East Africa's most advanced economy has introduced a law setting a cap on commercial lending rates and a floor on deposit payout rates, an instant squeeze on margins that sent shares of Kenyan banks to their lowest in years. Investors were clearly unprepared for a measure designed to make banks poorer -- or less greedy, depending on your point of view -- in the face of what Kenyan President Uhuru Kenyatta described as ordinary citizens' frustrations about the cost of credit and earnings from deposits.
There's no denying Kenyan banks make rich returns. The country's largest bank by assets, KCB, has a return on equity of 24.7 percent, according to Bloomberg data, while rivals Cooperative Bank and Equity Group are on 24.5 percent and 26.9 percent respectively. That's not just leagues ahead of the 5-7 percent ROE at Europe's biggest banks, it beats the 15-18 percent at South Africa's top lenders. Market concentration may have something to do with it: Kenya's seven biggest lenders (there are about 43 in total) hold 80 percent of the banking system's cash.
But capping interest rates risks damaging the Kenyan economy and stunting credit growth, a danger not lost on officials at the country's central bank and finance ministry, who opposed the measure. If banks stop catering to anyone but the safest credit risk, it may encourage shadow banks or dodgy lenders to step in. If smaller banks find it harder to make ends meet, they may get bought up, making those dominant banks even bigger. And the new loan cap, at 4 percentage points above the base central bank rate, sets a potentially "unreasonable" ceiling for Kenya's risk premium, according to investment firm Cytonn.
So why take such a chance? Well, next year's election and a bank-bashing law may be just the ticket to win votes. Some analysts reckon it's a purely populist move.
Yet the sell-off of Kenyan bank stocks over the past month suggests markets weren't adequately prepared for this risk, with the chorus of credible dissenting voices perhaps lulling investors. And while it's easy to dismiss this as the kind of problem specific to emerging markets, there are echoes of the anti-elite vibe in Europe and the U.S.

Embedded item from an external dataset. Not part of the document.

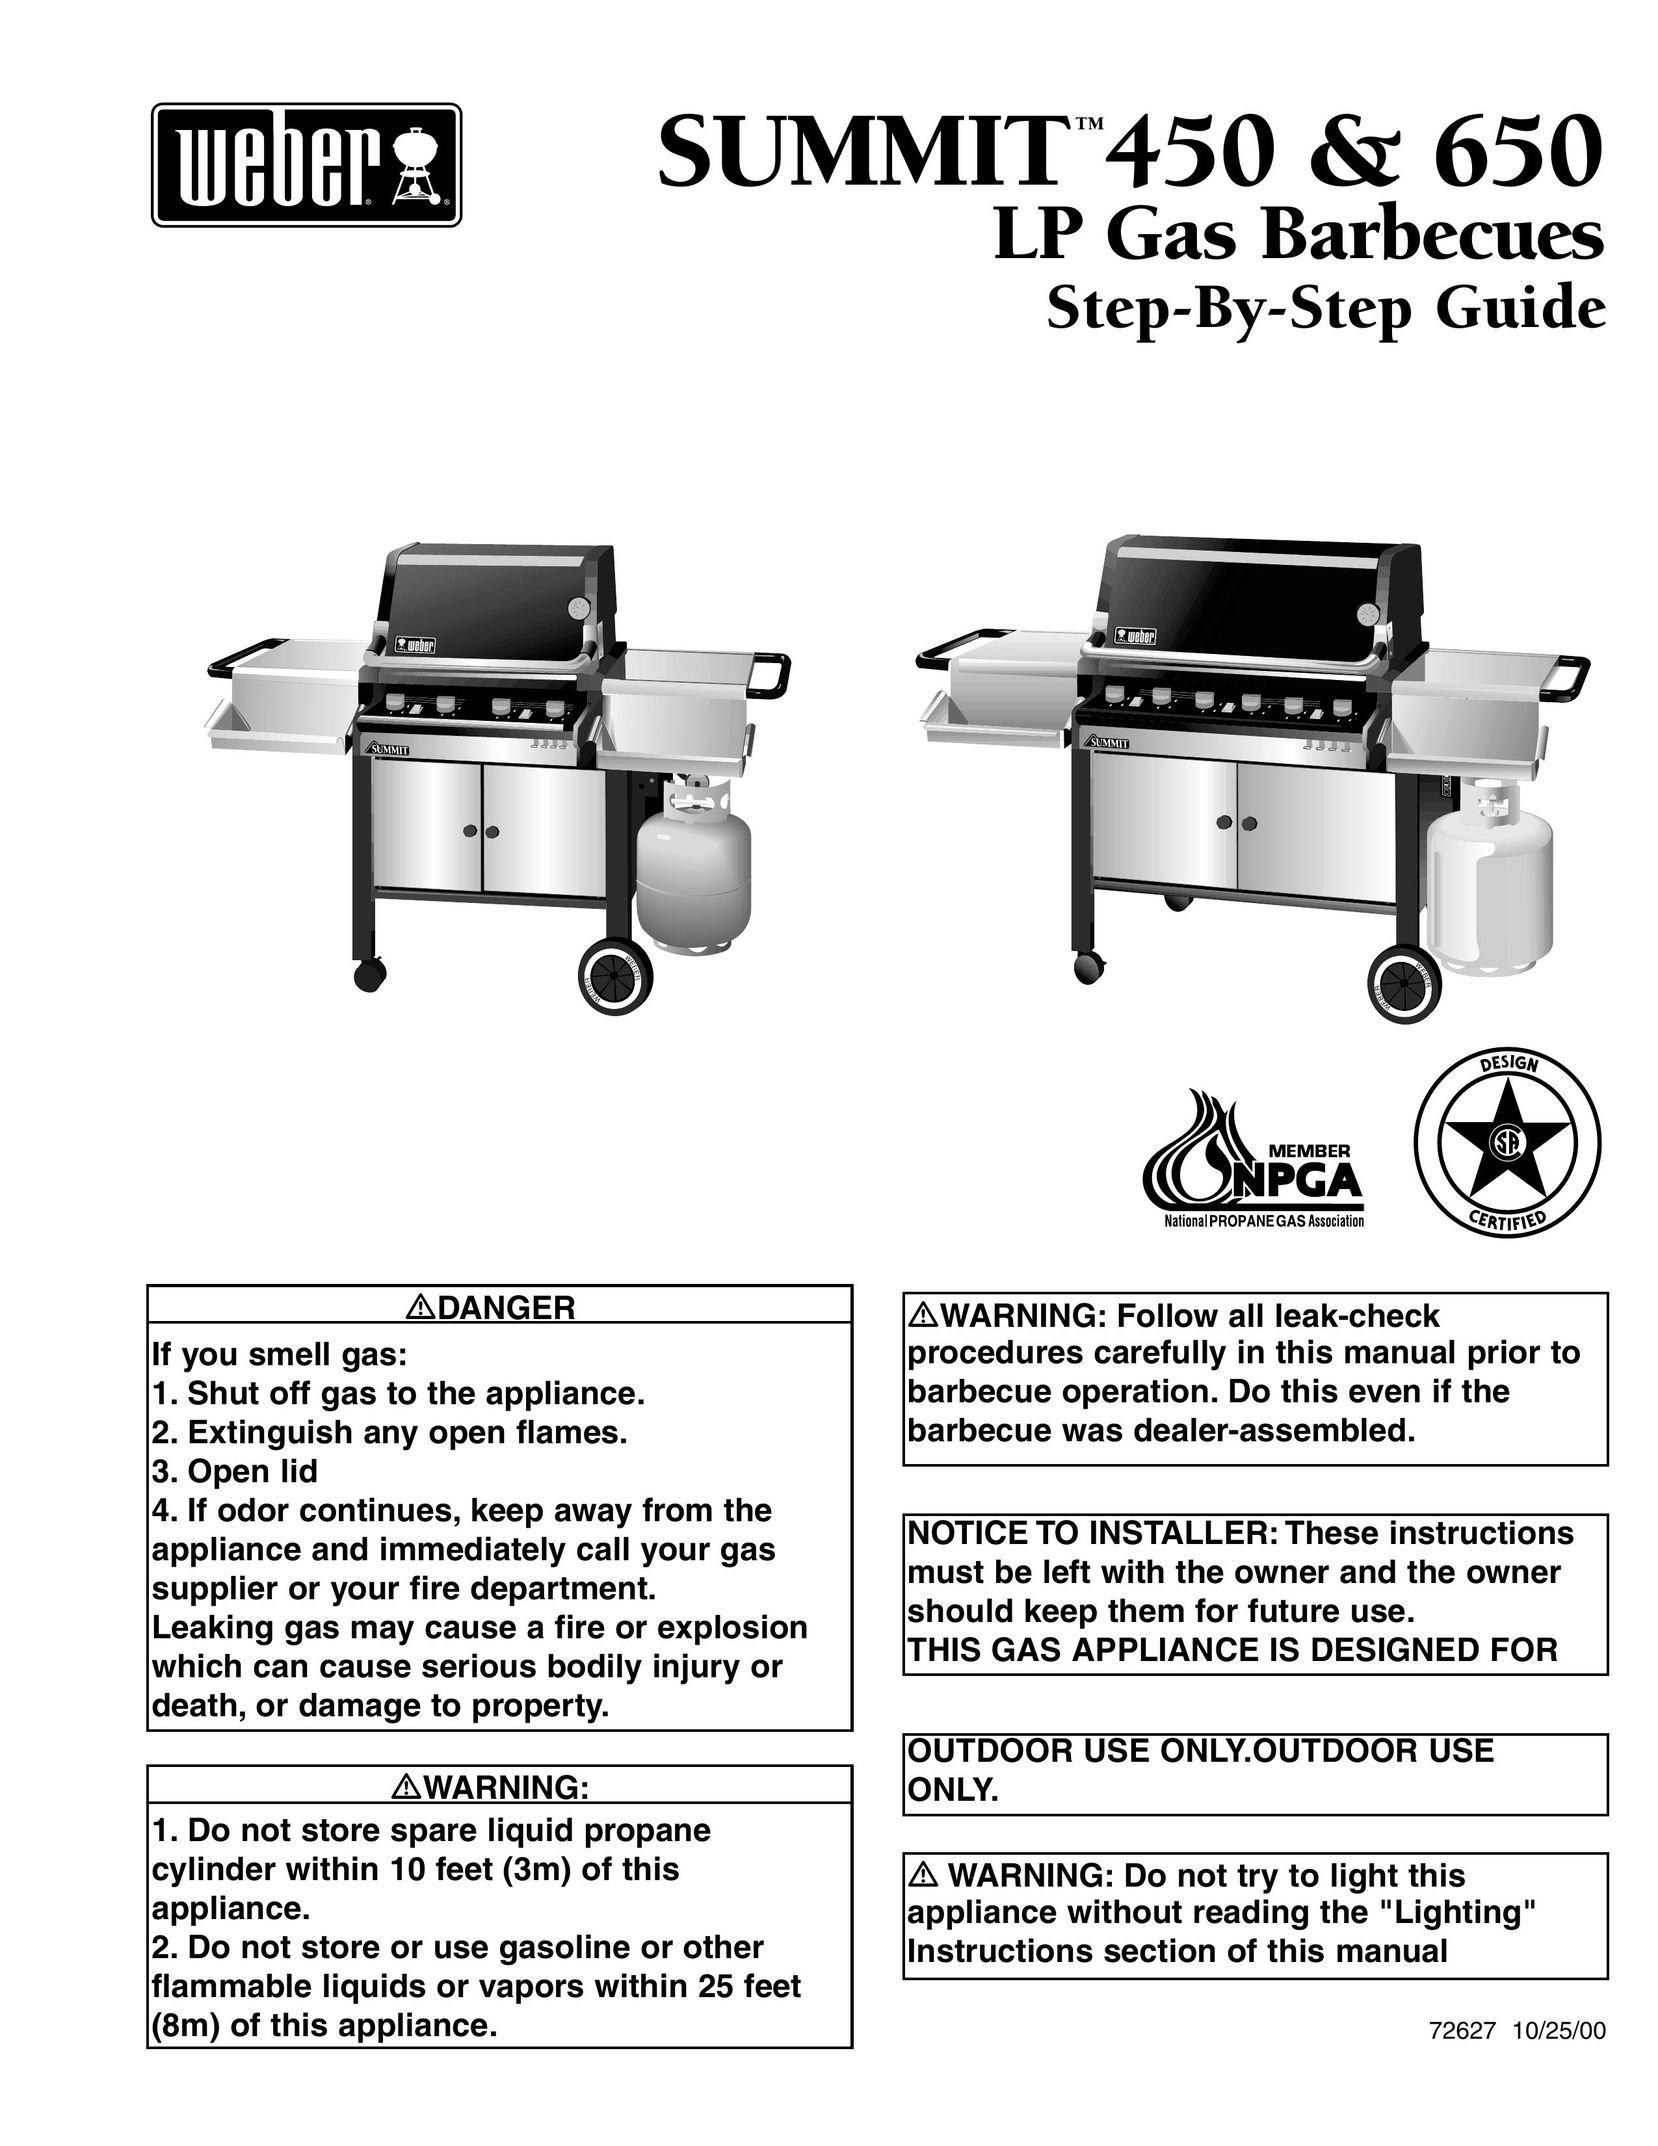 Weber 450 Griddle User Manual

Championing the banks, in particular, isn't much of a vote winner. The U.S. election has put the restoration of Glass-Steagall back on the table, with Republicans calling for big banks to be broken up. British chancellor Philip Hammond is trying to put a protective arm around the City of London by exploring continued access to Europe's single market, but he's clashing with the crowd-pleasing instincts of the "three Brexiteers", Boris Johnson, Liam Fox and David Davis.

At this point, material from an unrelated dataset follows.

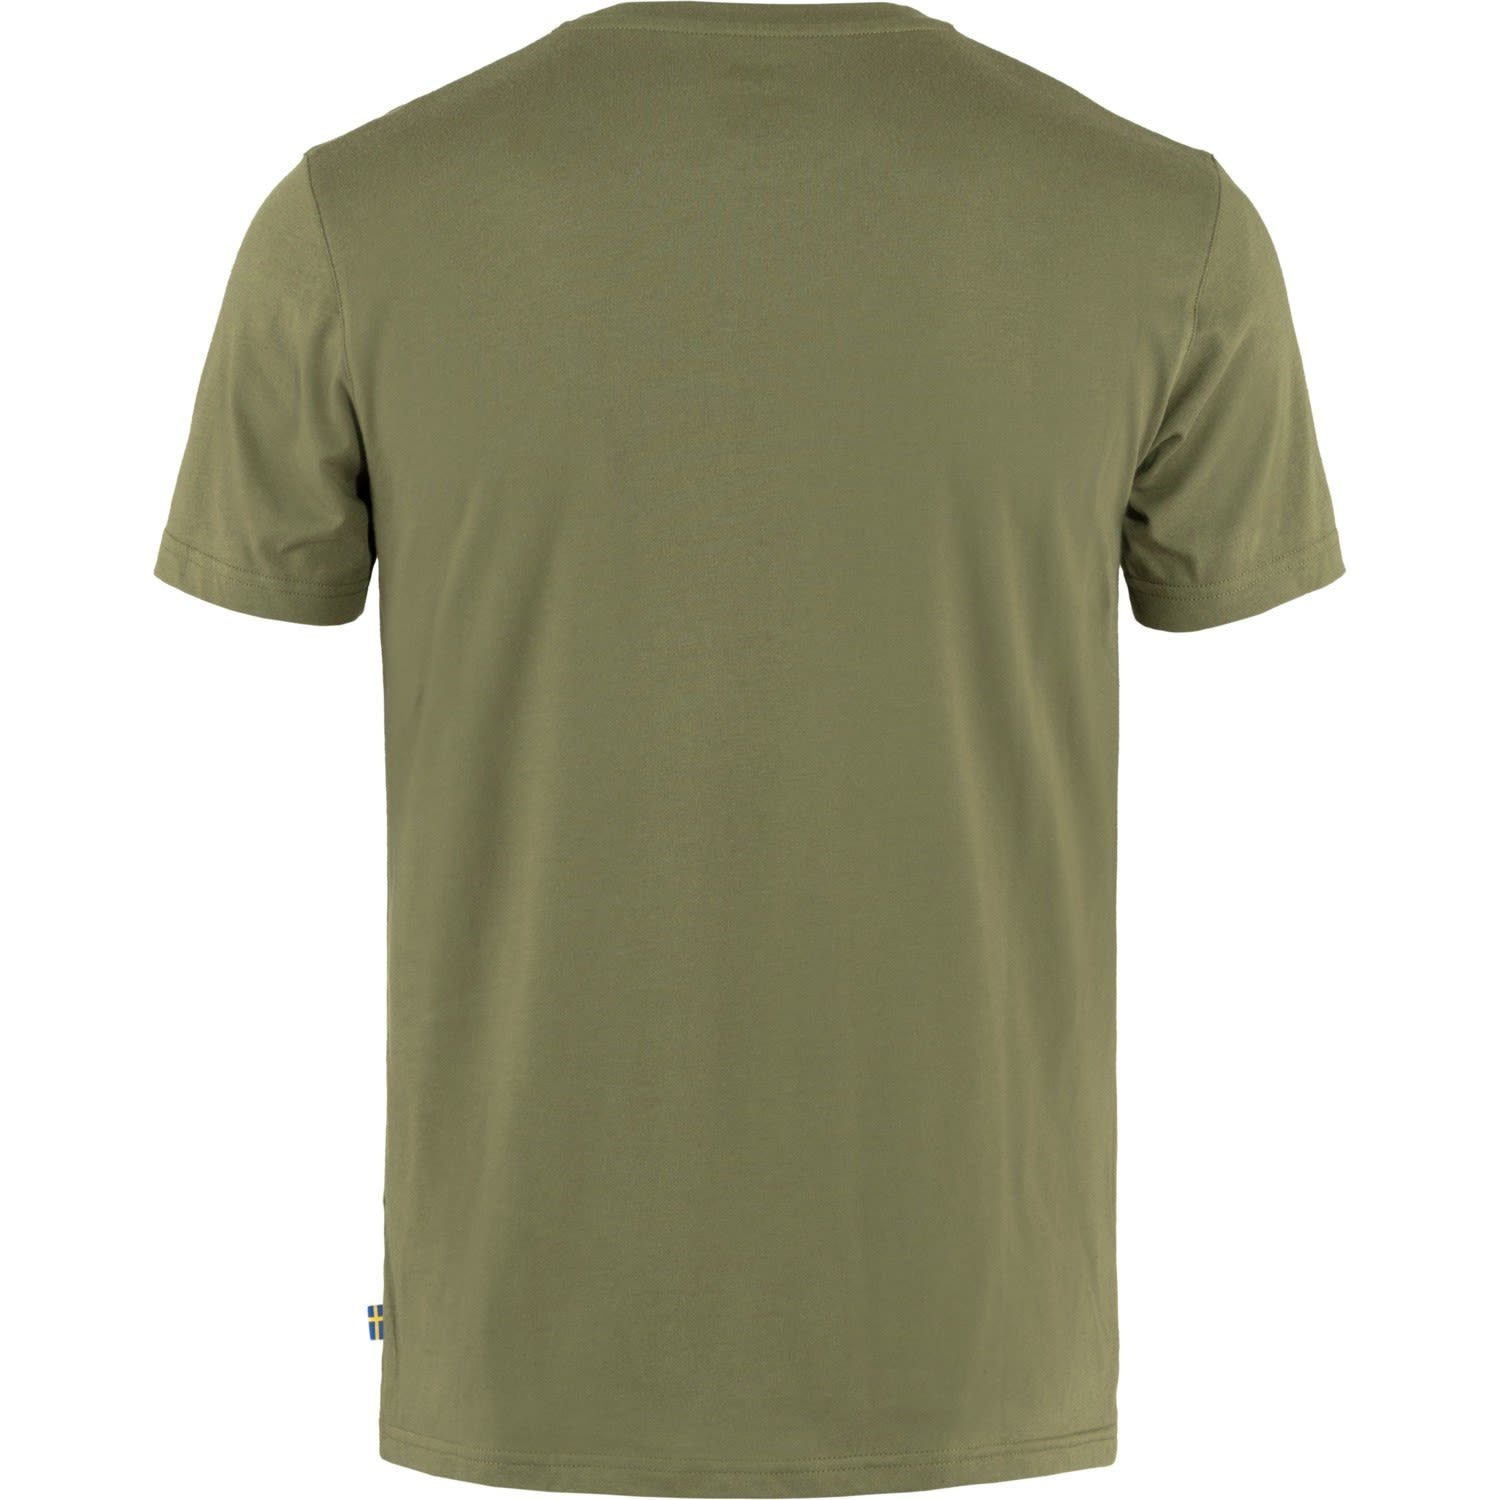 Herren T-Shirt Kurzarm-Shirt T-shirt M Green Fjällräven Logo Caper Fjällräven

There's still hope that pragmatism will prevail. Calls for a restoration of Glass-Steagall look like posturing, while Moody's reckons that even if the U.K. quit the single market, its finance firms could probably still do plenty of business in the EU.
Yet the Kenya experience shows the potential for nasty surprises in a populist age, whether self-harming or not. Don't forget that Brexit itself caught investors on the hop.
This column does not necessarily reflect the opinion of Bloomberg LP and its owners.